Alvarez's controlled writing perfectly captures the mounting tension as "the butterflies" near their horrific end. The novel begins with the recollections of Dede, the fourth and surviving sister, who fears abandoning her routines and her husband to join the movement. Alvarez also offers the perspectives of the other sisters: brave and outspoken Minerva, the family's political ringleader; pious Patria, who forsakes her faith to join her sisters after witnessing the atrocities of the tyranny; and the baby sister, sensitive Maria Teresa, who, in a series of diaries, chronicles her allegiance to Minerva and the physical and spiritual anguish of prison life.

Bastard Out of Carolina

by Dorothy Allison

Greenville County, South Carolina, a wild, lush place, is home to the Boatwright family—rough-hewn men who drink hard and shoot up each other's trucks, and indomitable women who marry young and age all too quickly. At the heart of this astonishing novel is Ruth Anne Boatwright, known simply as Bone, a South Carolina bastard with an annotated birth certificate to tell the tale. Observing everything with the mercilessly keen eye of a child, Bone finds herself caught in a family triangle that will test the loyalty of her mother, Anney. Her stepfather, Daddy Glen, calls Bone "cold as death, mean as a snake, and twice as twisty," yet Anney needs Glen. At first gentle with Bone, Daddy Glen becomes steadily colder and more furious—until their final, harrowing encounter, from which there can be no turning back.

22

Paula

Paula

by Isabelle Allende

This book started as a letter to Paula written during the hours spent at her bedside, and became a personal memoir and a testament to the ties that bind families - a brave, enlightening, inspiring true story.

Tuesdays With Morrie

by Mitch Albom

Nearly 20 years after their first lessons, now dying college professor Morrie imparts his wisdom to student Mitch during weekly Tuesday meetings. A gentle mentor imparts the lessons of a long life.

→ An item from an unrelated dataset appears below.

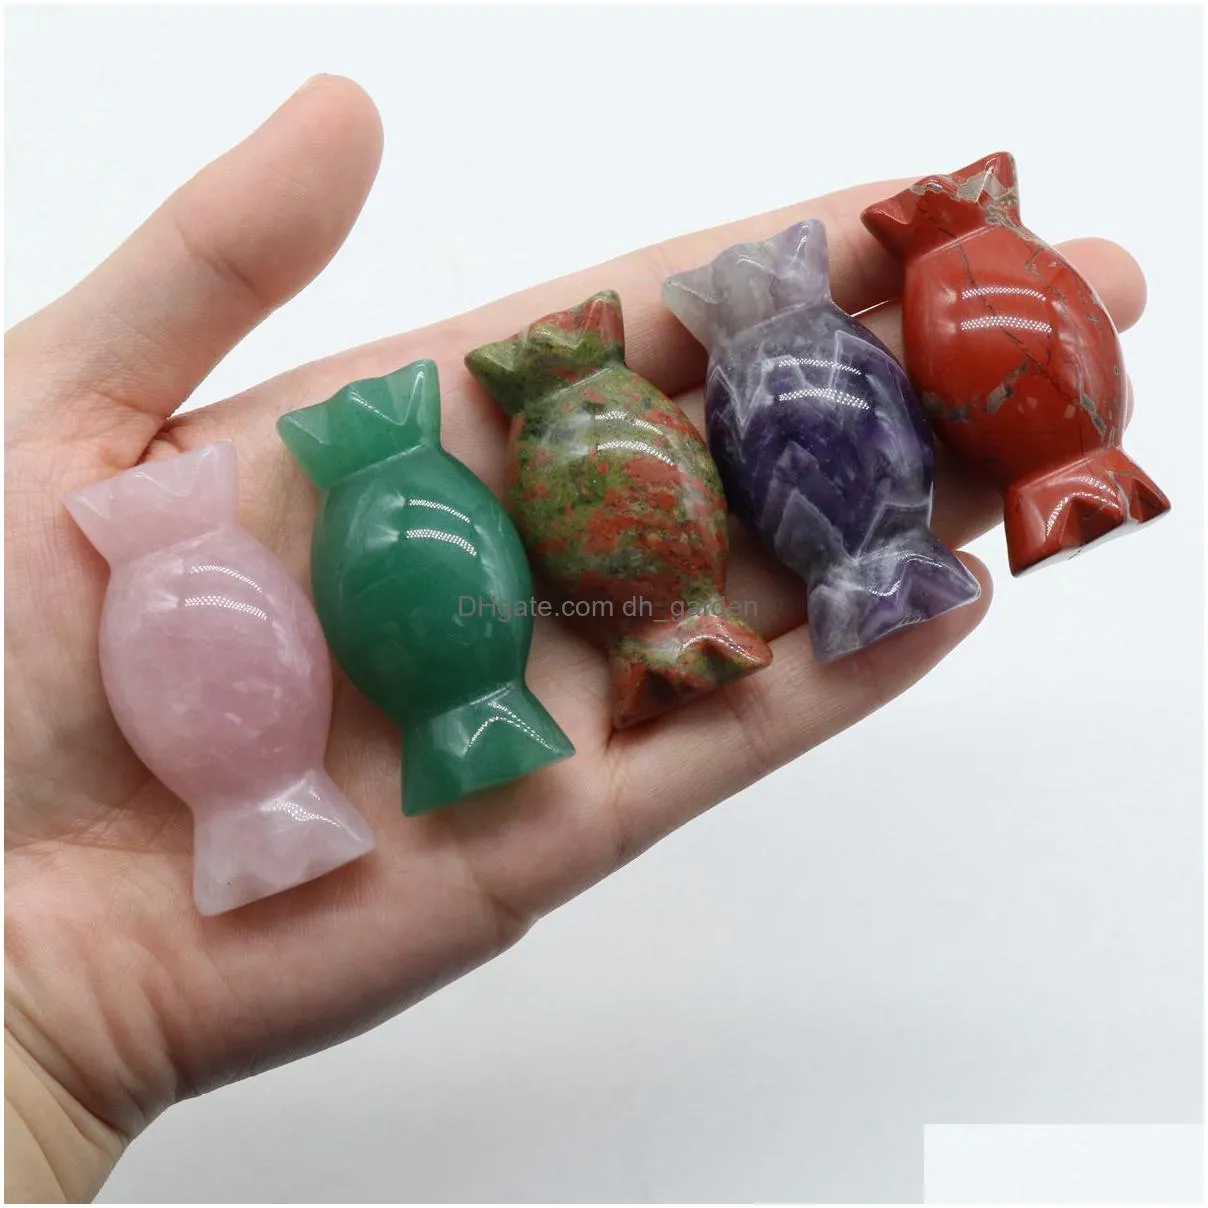 natural crystal stone carving festival candy gift gemstone agate ornaments folk arts healing energy for decorate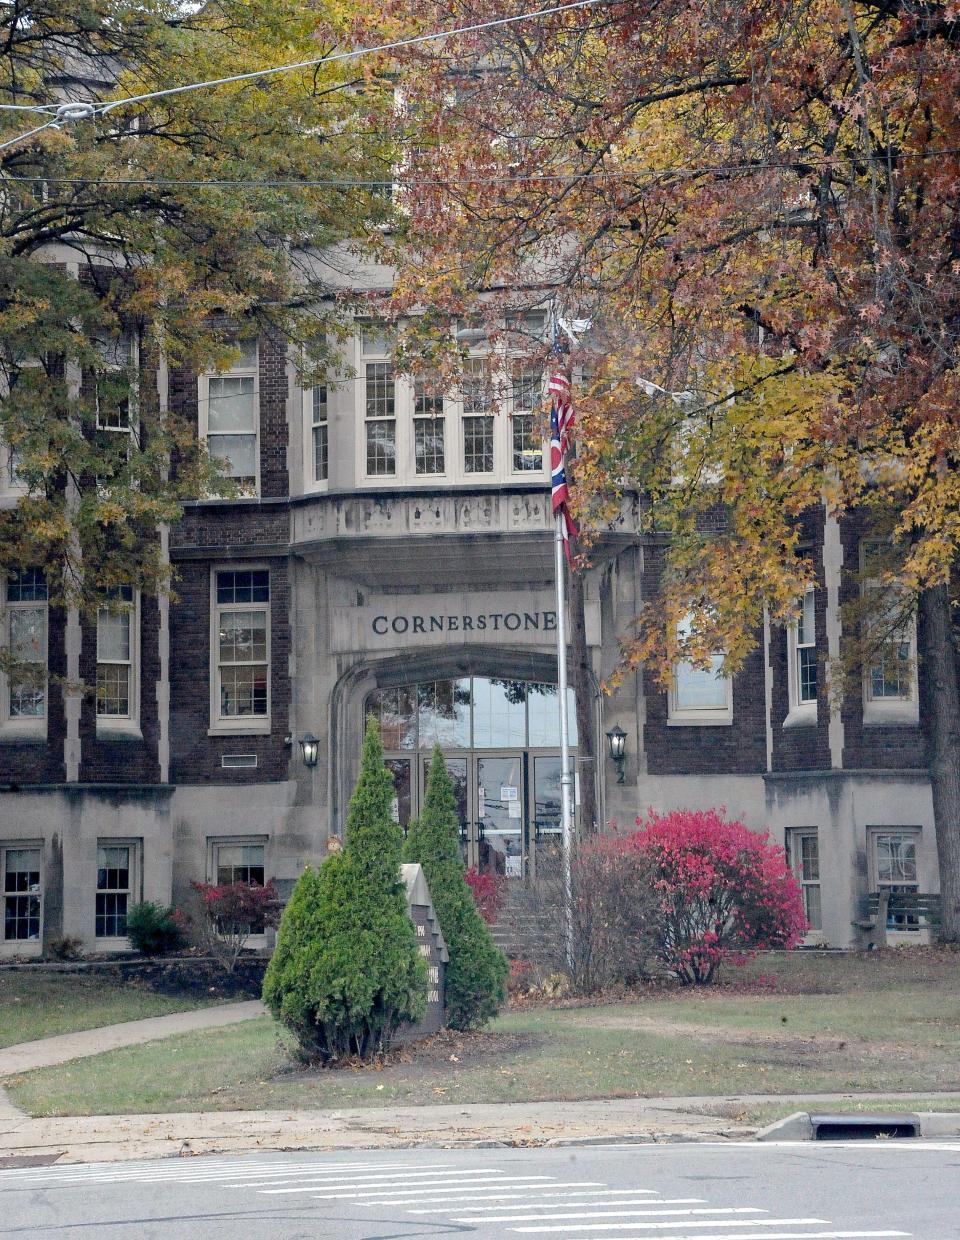 Some residents of the Wooster City School District have voiced opposition to a proposed plan to demolish a portion of Cornerstone Elementary as part of the district's master plan for facilities.

The Absolutely True Diary of a Part-Time Indian

by Sherman Alexie
In his first book for young adults, bestselling author Sherman Alexie tells the story of Junior, a budding cartoonist growing up on the Spokane Indian Reservation. Determined to take his future into his own hands, Junior leaves his troubled school on the rez to attend an all-white farm town high school where the only other Indian is the school mascot. Heartbreaking, funny, and beautifully written, The Absolutely True Diary of a Part-Time Indian, which is based on the author's own experiences, coupled with poignant drawings by acclaimed artist Ellen Forney, that reflect the character's art, chronicles the contemporary adolescence of one Native American boy as he attempts to break away from the life he was destined to live.

Guns, Germs, and Steel

by Jared Diamond

Life isn't fair--here's why: Since 1500, Europeans have, for better & worse, called the tune that the world has danced to. In Guns, Germs & Steel, Jared Diamond explains the reasons why things worked out that way. It's an elemental question. Diamond is certainly not the 1st to ask it. However, he performs a singular service by relying on scientific fact rather than specious theories of European genetic superiority. Diamond, a UCLA physiologist, suggests that the geography of Eurasia was best suited to farming, the domestication of animals & the free flow of information. The more populous cultures that developed as a result had more complex forms of government & communication, & increased resistance to disease. Finally, fragmented Europe harnessed the power of competitive innovation in ways that China didn't. (For example, the Europeans used the Chinese invention of gunpowder to create guns & subjugate the New World.) Diamond's book is complex & a bit overwhelming. But the thesis he methodically puts forth--examining the "positive feedback loop" of farming, then domestication, then population density, then innovation etc.--makes sense. Written without bias, Guns, Germs & Steel is good global history.